4.It would appear that the complainant gave an unsworn testimony. The complainant testified that she knew the accused person as K. That the accused person did something bad to her. The record indicates that the complainant pointed at her genital area. That Kdid the act at his house and that the complainant felt pain and cried. The complainant testified that Kremoved her trouser then did the act to her. She confirmed that she reported to her mother what had happened. The record indicates that the witness who testified as PW 3 was one Kevin Sanya Ouma, a clinical officer. However, his testimony was not completed as the defence objected to the witness producing medical documents not prepared by him. The witness was then stood down.
5.From the record, the next witness was identified as PW 3. This was KM (name withheld), who stated that the complainant was her child. His evidence was that on 4/5/2022 PW 1 called him and stated that she was taking the complainant to hospital as the complainant had been defiled. The witness went to Kambu and met the complainant, her mother and a police officer. That the complainant informed him that Khad defiled her inside his house. PW 4 (who was initially called as PW 3) Kenvin Sanya Ouma testified that he was a Clinical officer. The witness produced the P3 and PRC forms in respect of the complainant. PW 5 Police Constable Kassim Owangu testified that he took over the matter from the initial investigating officer who was transferred. The witness did not conduct any investigations in the matter. He produced the complainant’s health card in evidence.
The Defence Case
6.When the accused person was placed on his defence, he opted to give a sworn testimony and called one other witness.

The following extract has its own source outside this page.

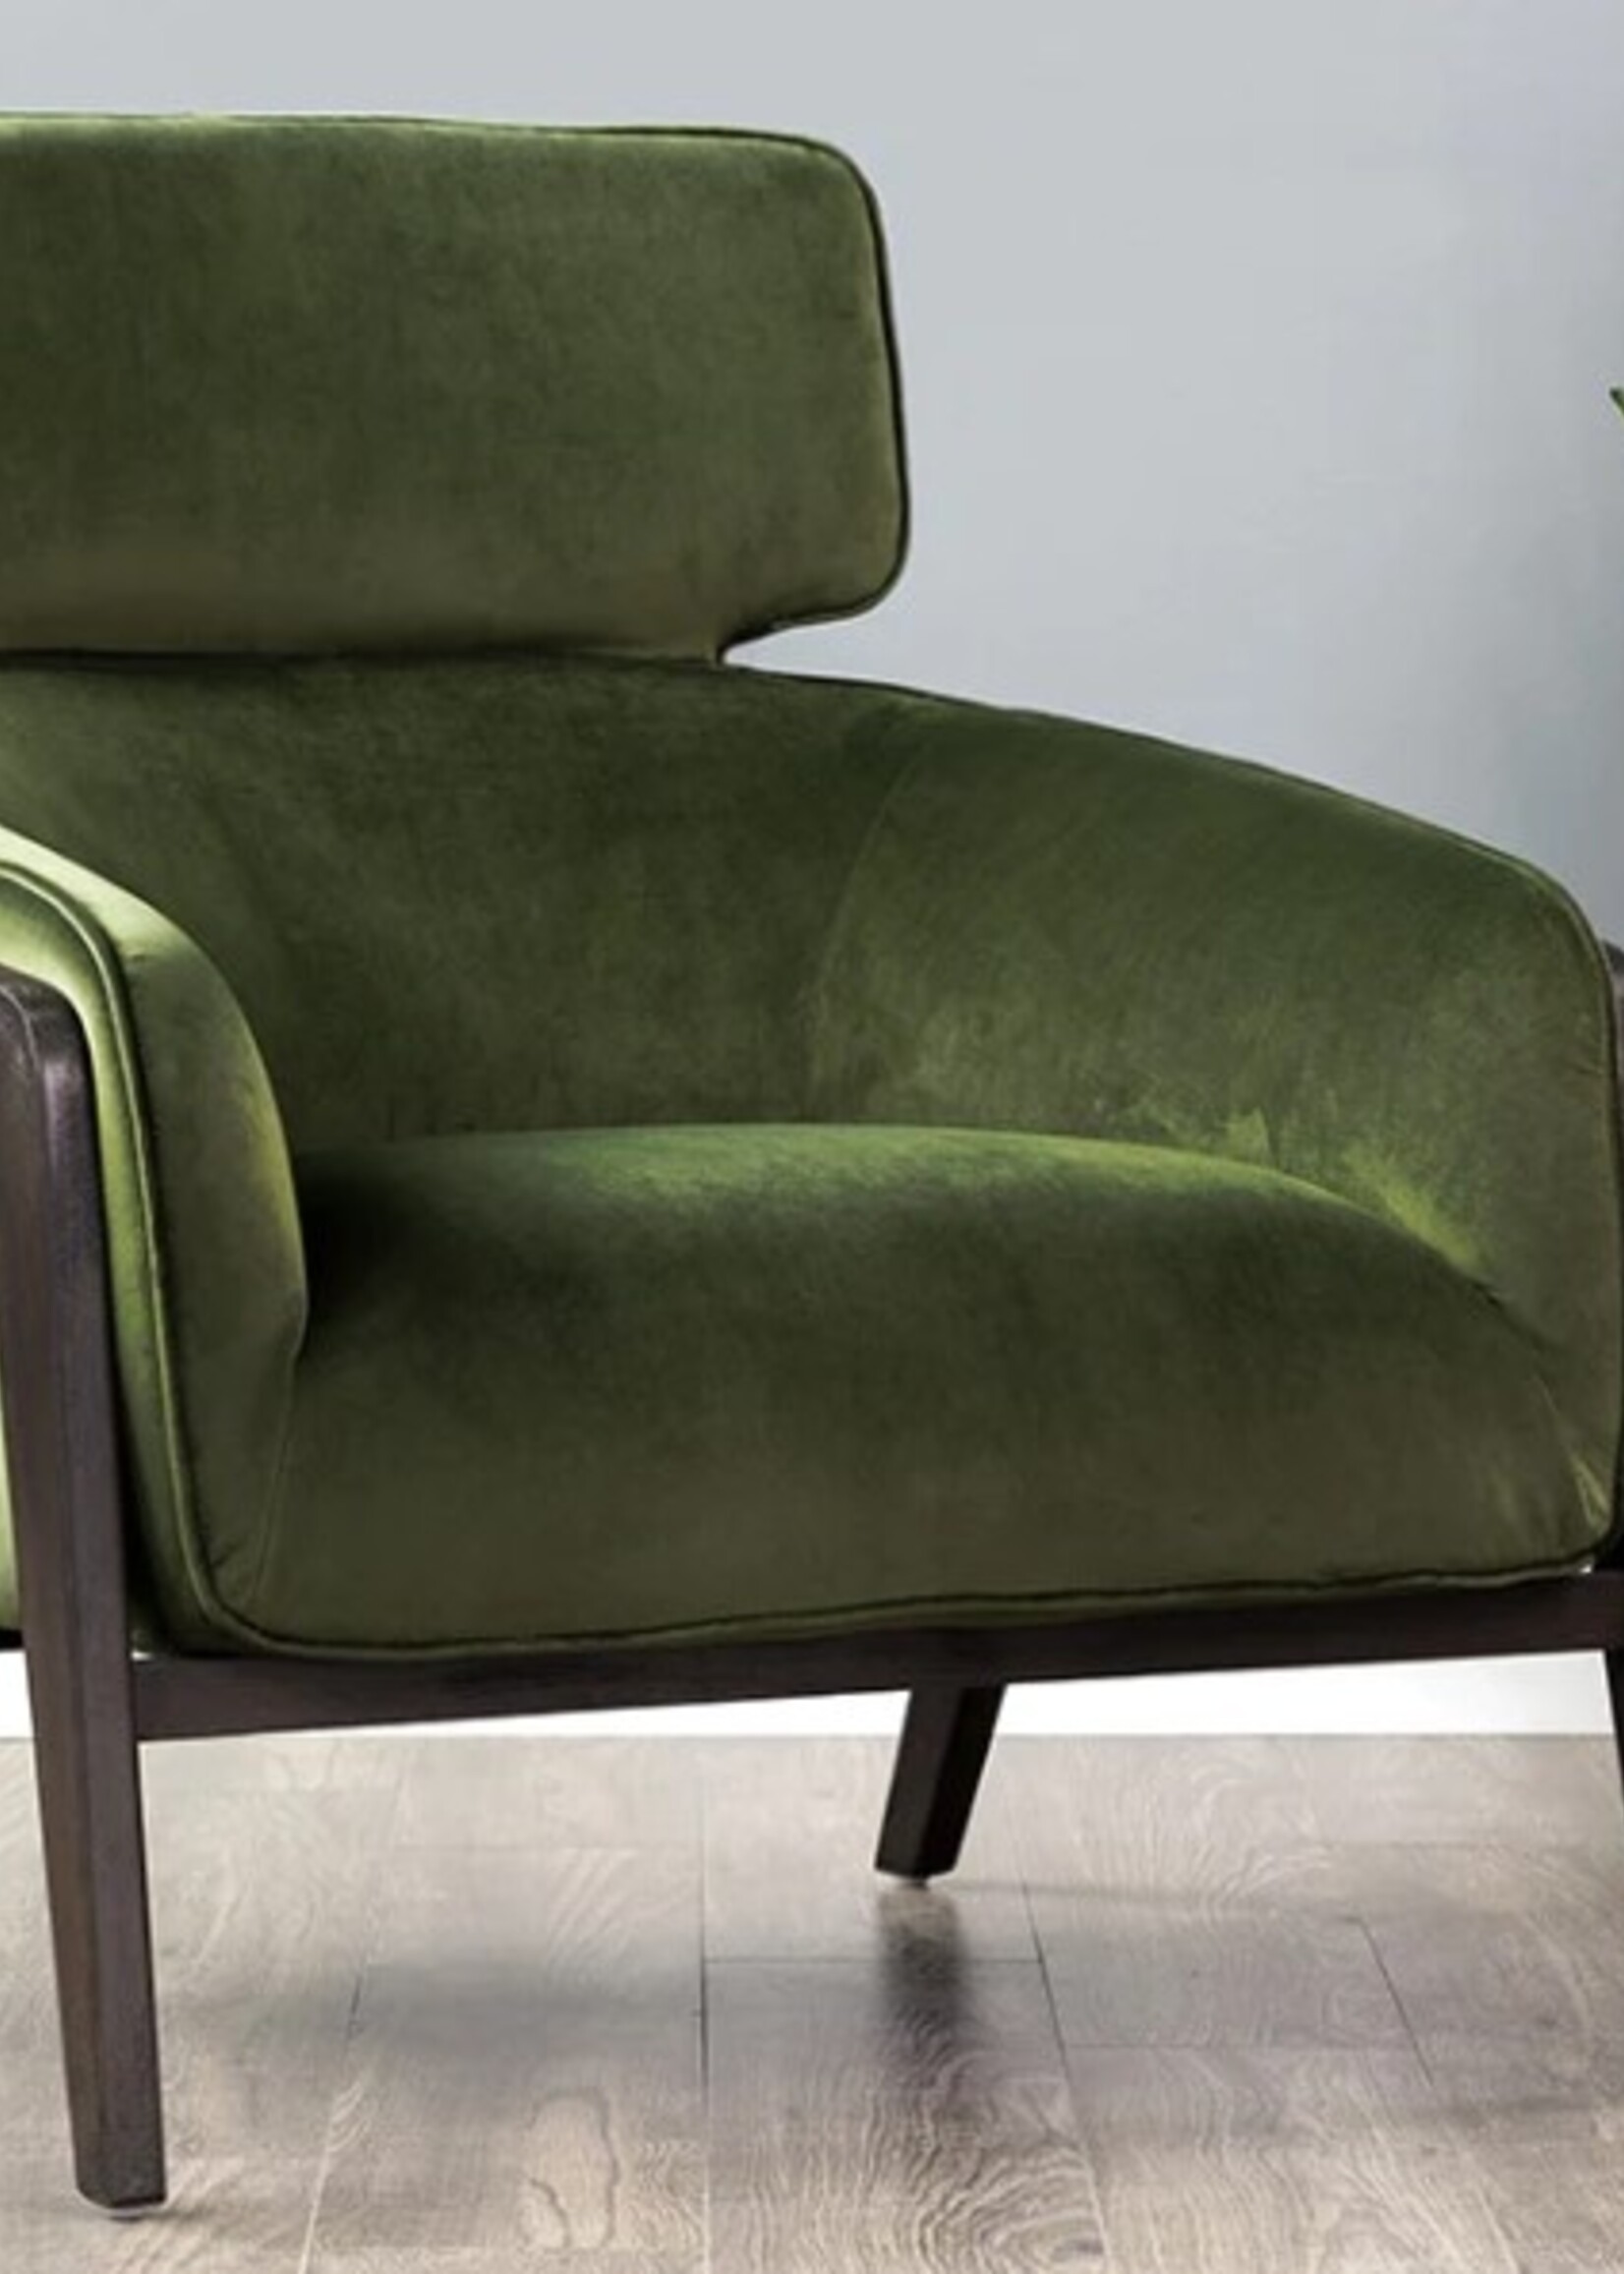 Sunpan Maximus Lounge Chair * Moss Green & Dark Wood

The accused person testified that he did not defile the complainant. That on 11/5/2022 he was at work at Subati area. That he reported to work at 8:00 am and left at 4:00 pm. The accused person stated that he heard rumours that a child had been defiled by an unknown person. It was the testimony of the accused person that he had a medical condition which affects his kidneys and makes him weak in body. That he has had the condition since 2019 and is on constant medication. The accused person stated that he cannot even erect. That he saw the complainant for the first time in court.
7.DW 2 JM testified that the accused person was her child. That the accused person has been unwell since the year 2019 and has been using a Catheter since then. The witness stated that she did not know the complainant nor her mother but used to see them pass by. That on 11/5/2022 the accused person was at work. DW 2 stated that the allegations against the accused person were false.
Main Issues for Determination
8.Having considered the nature of the charges and the evidence on record, I find that the main issues for determination are as follows:a.Whether the complainant was defiled on 11/5/2022;b.If so, whether it was the accused person who defiled the complainant;c.If not, whether an indecent act was committed against the complainant on the aforementioned date;d.If so, whether such indecent act was committed by the accused person;e.Whether the prosecution has proven its case against the accused person to the required standard.
Analysis and Determination
9.I have carefully considered the evidence on record as well as the law applicable. Section 8 (1) of the [Sexual Offences Act](/akn/ke/act/2006/3) provides as follows:“A person who commits an act which causes penetration with a child is guilty of an offence termed defilement".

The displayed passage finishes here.